Hemon served in the French Army at the beginning of the Second World War, where he was wounded and taken prisoner by the Germans.

Back in Brest in August 1940, he took back publishing Gwalarn. In November 1940, he was appointed as director of programmes at Radio Roazhon-Breizh, a Breton language weekly broadcast set up by the Propagandastaffel. From 1941, he directed the weekly publication Arvor. In October 1942, Hemon was appointed by Leo Weisgerber to help found the "Celtic Institute of Brittany". Hemon rendered other services to the Germans, like helping in compiling files against préfet Ripert.

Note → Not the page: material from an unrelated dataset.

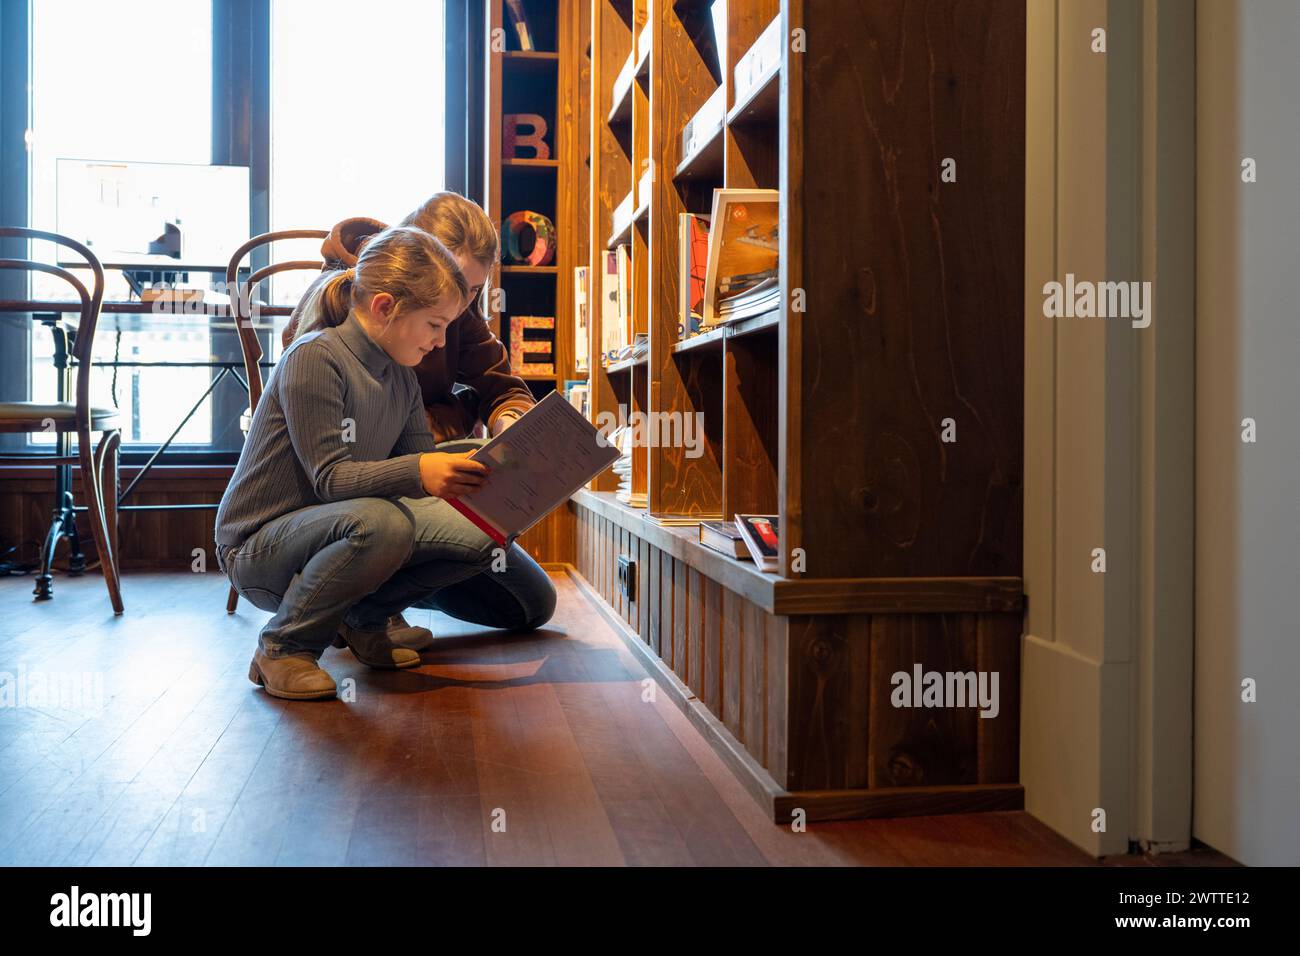 Young girl engrossed in reading a book by the bookshelf. Stock Photo

At the Liberation, Hemon fled to Nazi Germany, where he was imprisoned. After one year of jail he was sentenced by the Fourth French Republic to ten years of "dégradation nationale" for the offence of "Indignité nationale". He decided therefore to go in exile to Ireland. He worked there for the Dublin Institute for Advanced Studies. He would never go back to Brittany. Despite all this he never stopped working for the Breton language revival, and wrote for instance A Historical Morphology and Syntax of Breton in 1975. He created the magazine Ar Bed Keltiek that resembled Kannadig Gwalarn or Arvor. He died in 1978 and was buried in Brest.

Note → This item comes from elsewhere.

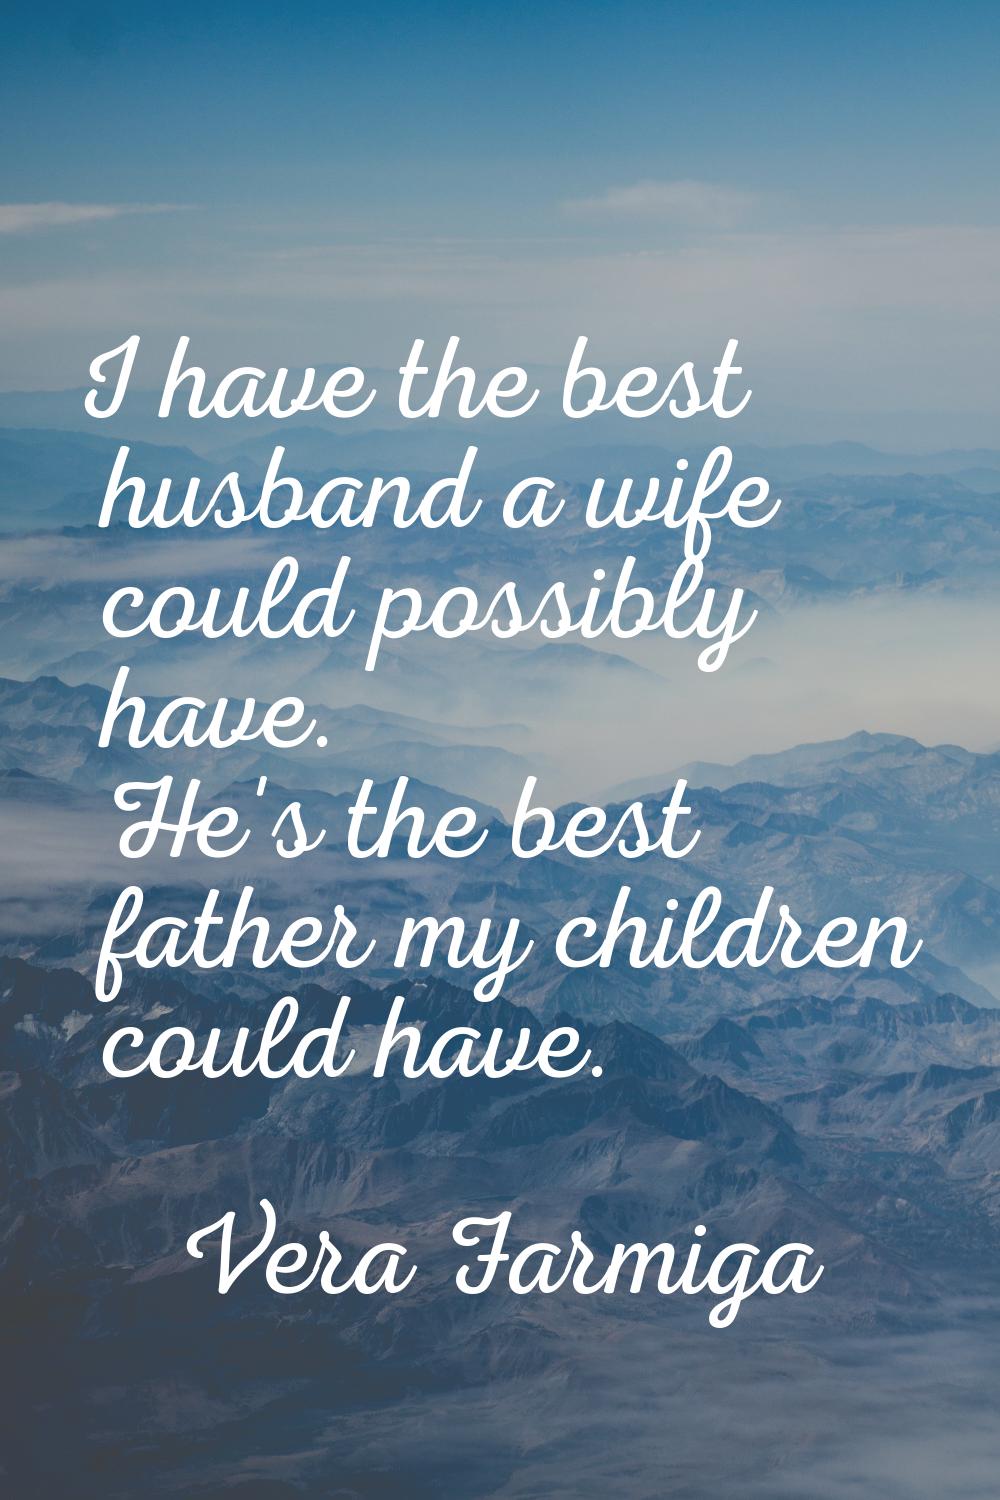 I have the best husband a wife could possibly have. He's the best father my children could have.

== Attack on his reputation ==
Hemon's reputation as a scholar led to the naming of institutions in Brittany after him. In 2000 controversy erupted over this, as Hemon's role as a Collaborator during the Occupation was researched and publicised. Some of his statements made at the time were also disinterred, particularly the anti-French opinions expressed in Ni hon unan. As a result, the Breton-medium school, or Diwan in Le Relecq-Kerhuon, and the Cultural centre of Guingamp, which had been named after Hemon, had to change names.